What is required: Copy out the full listing below as it stands, with its pictures left behind.

Collected data:
^^^^
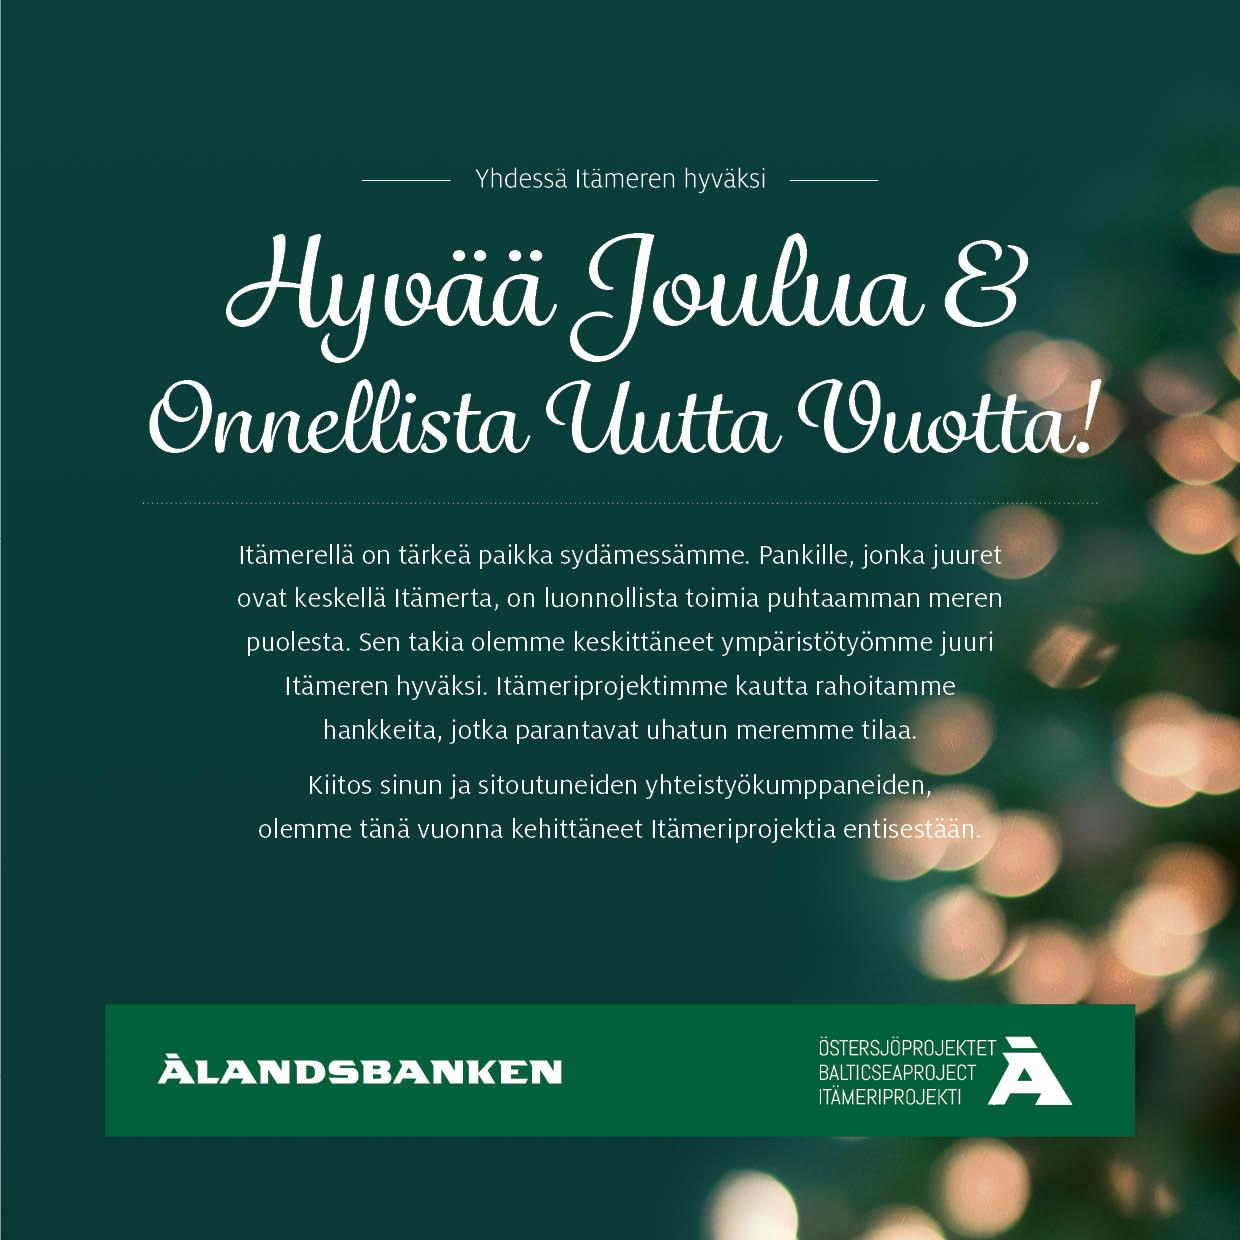 Ålandsbankenin Asiakaspalveluun
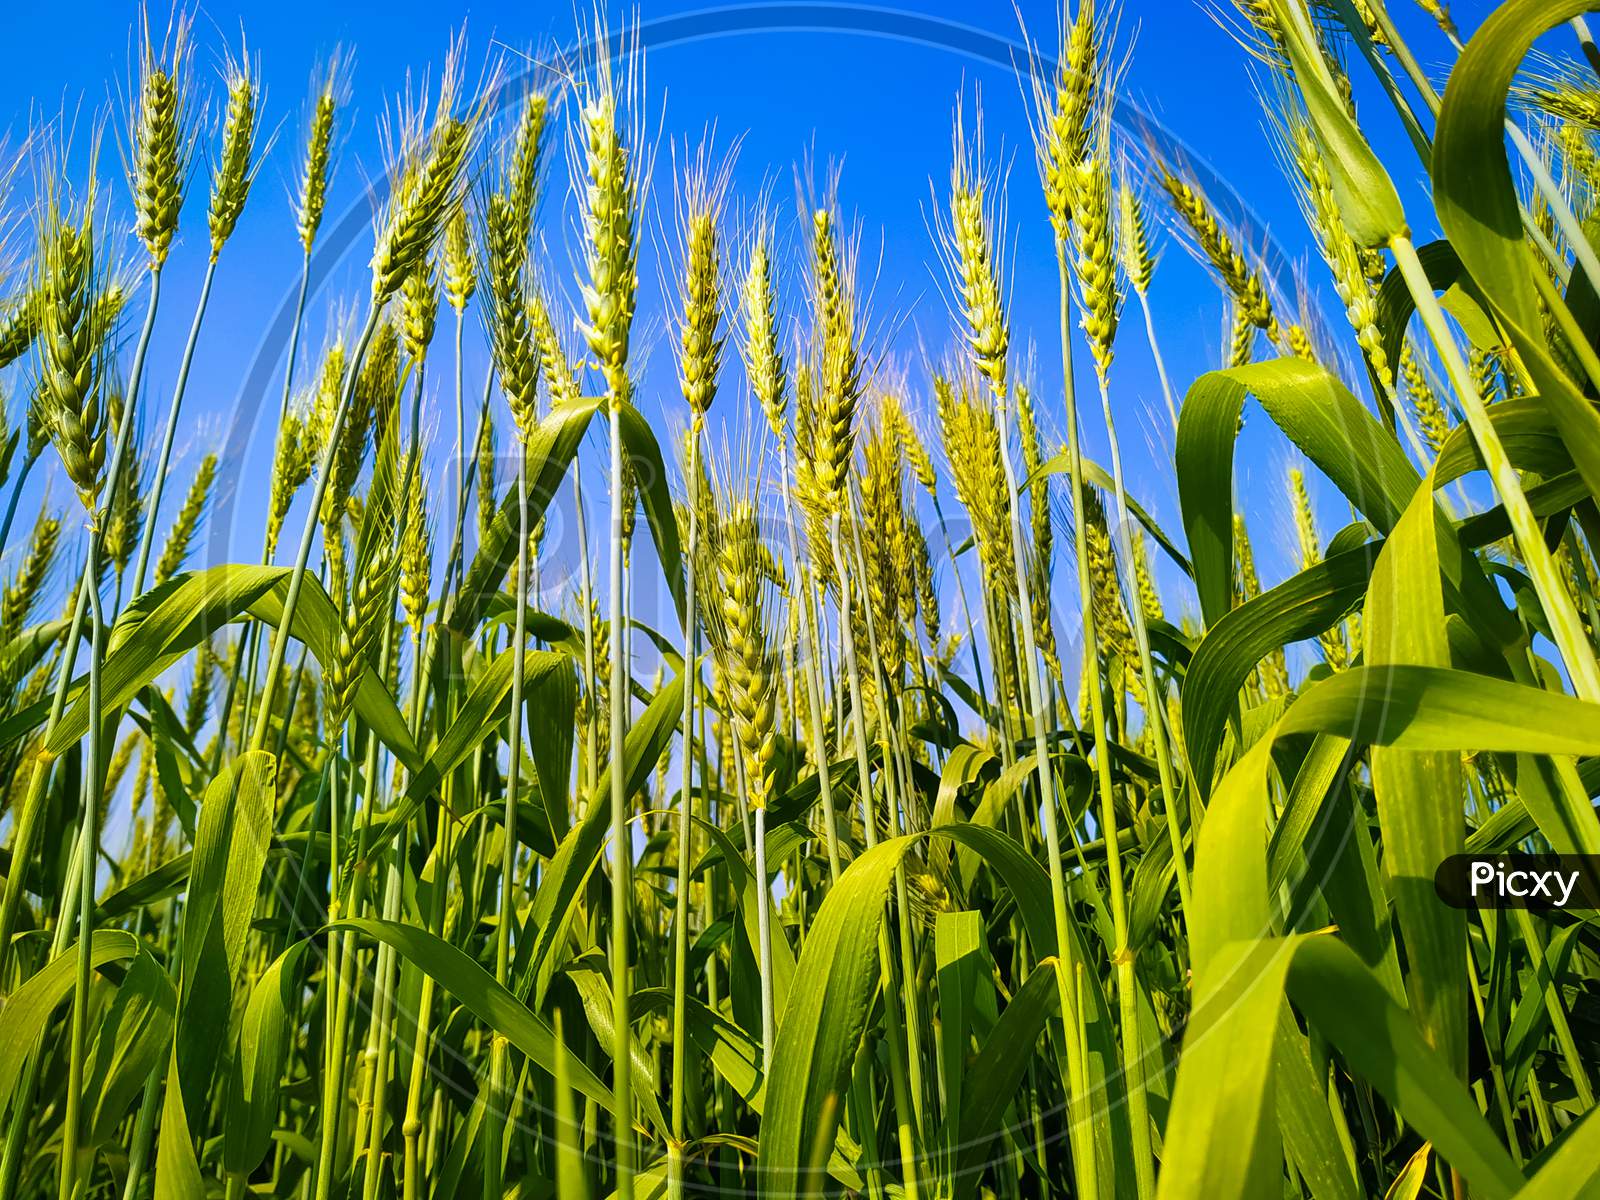 Wheat Crop Growing In Field
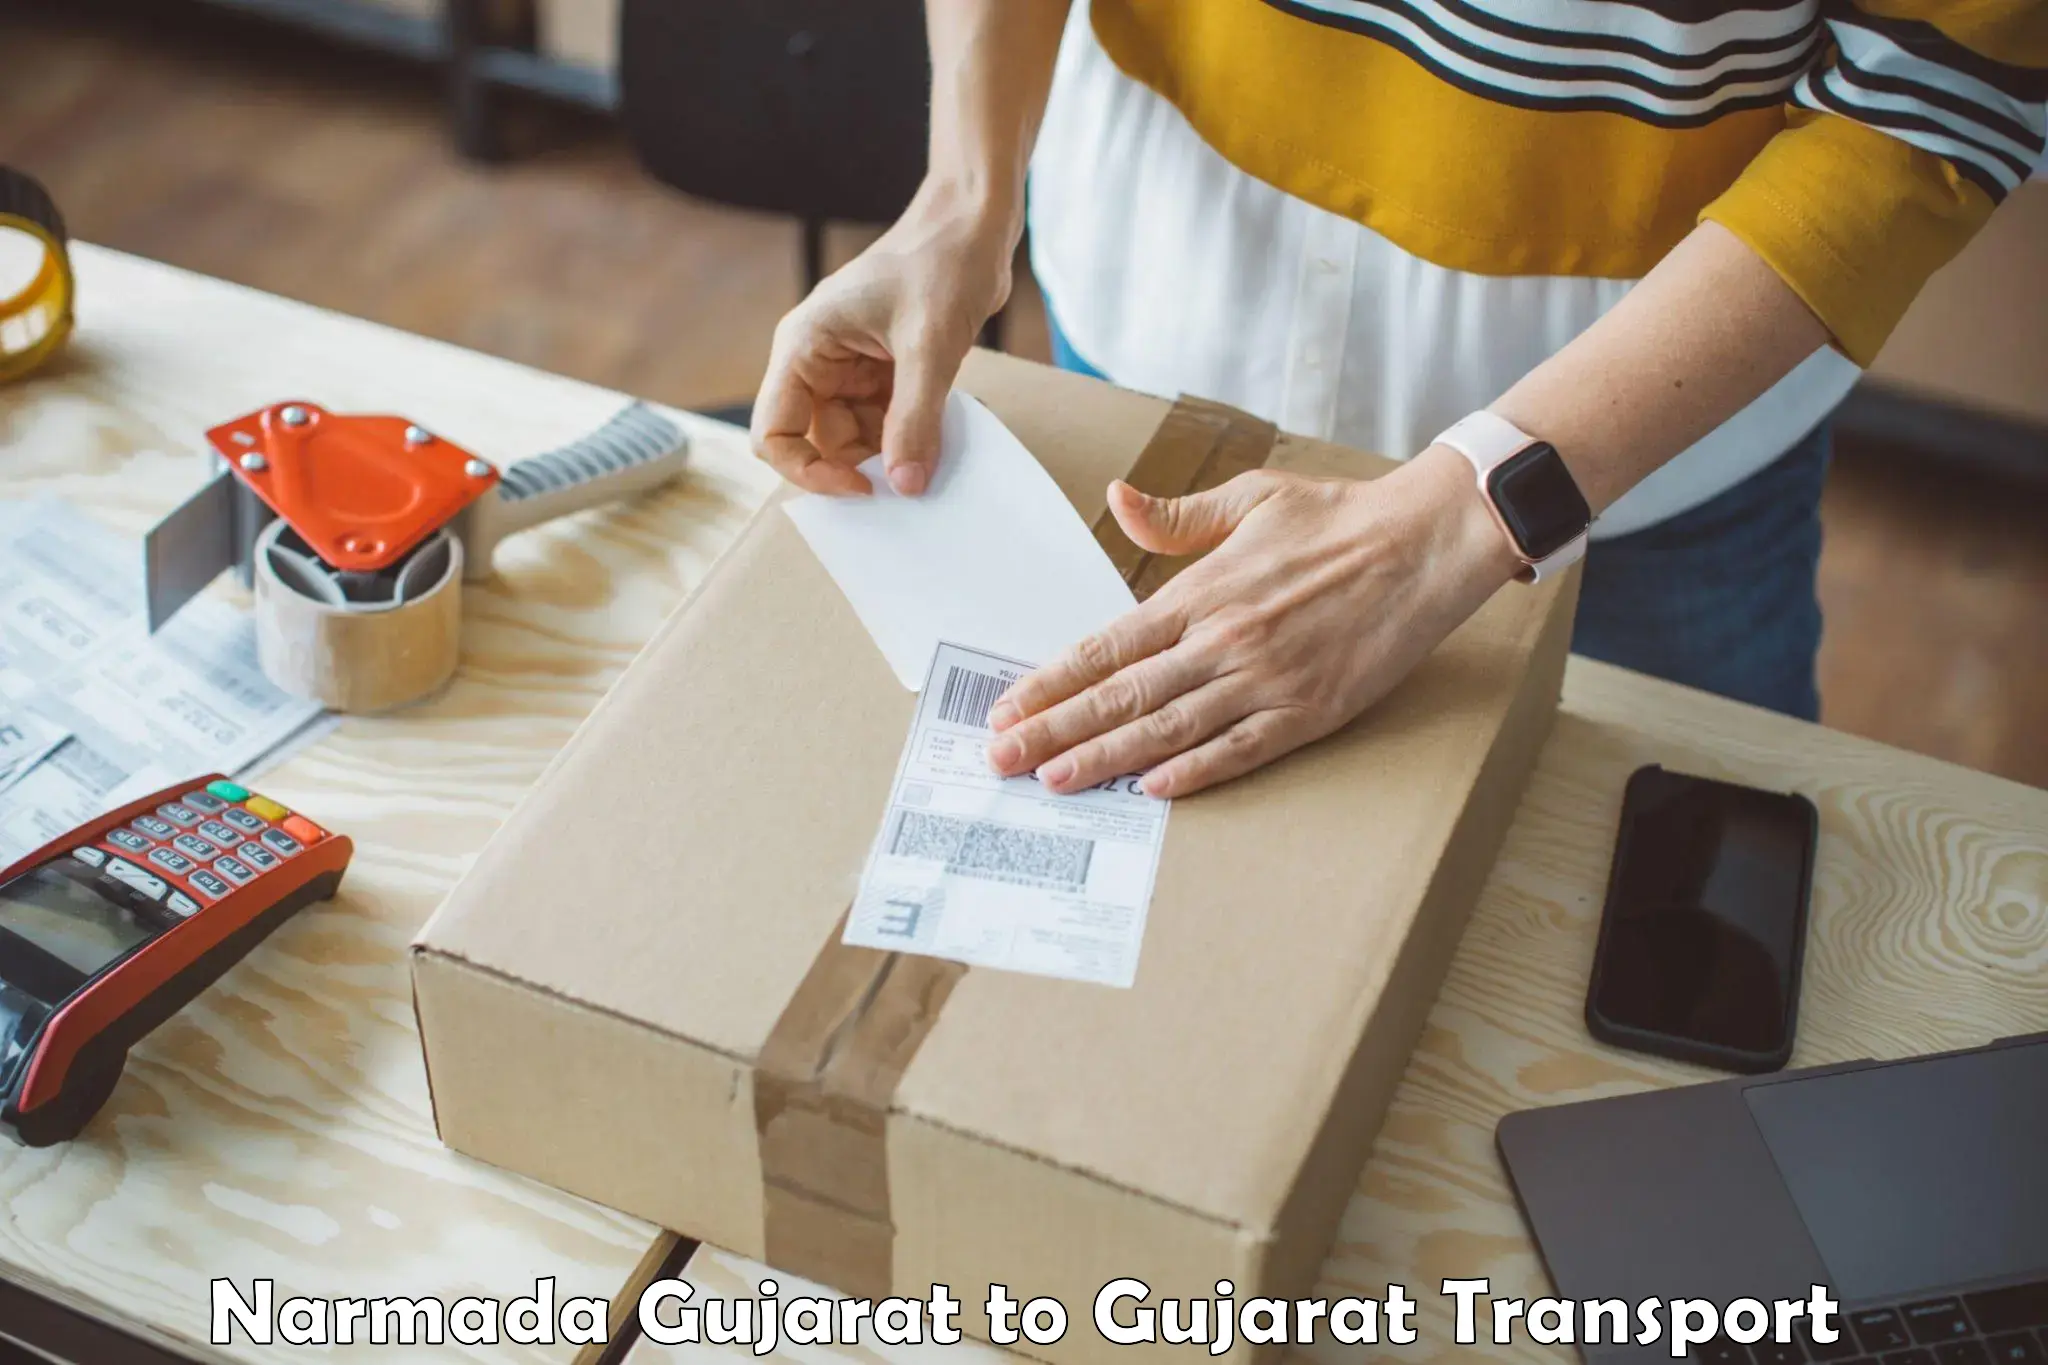 Shipping partner Narmada Gujarat to Gujarat
^^^^
Exercise result:
 Ålandsbankenin Asiakaspalveluun
 Wheat Crop Growing In Field
 Shipping partner Narmada Gujarat to Gujarat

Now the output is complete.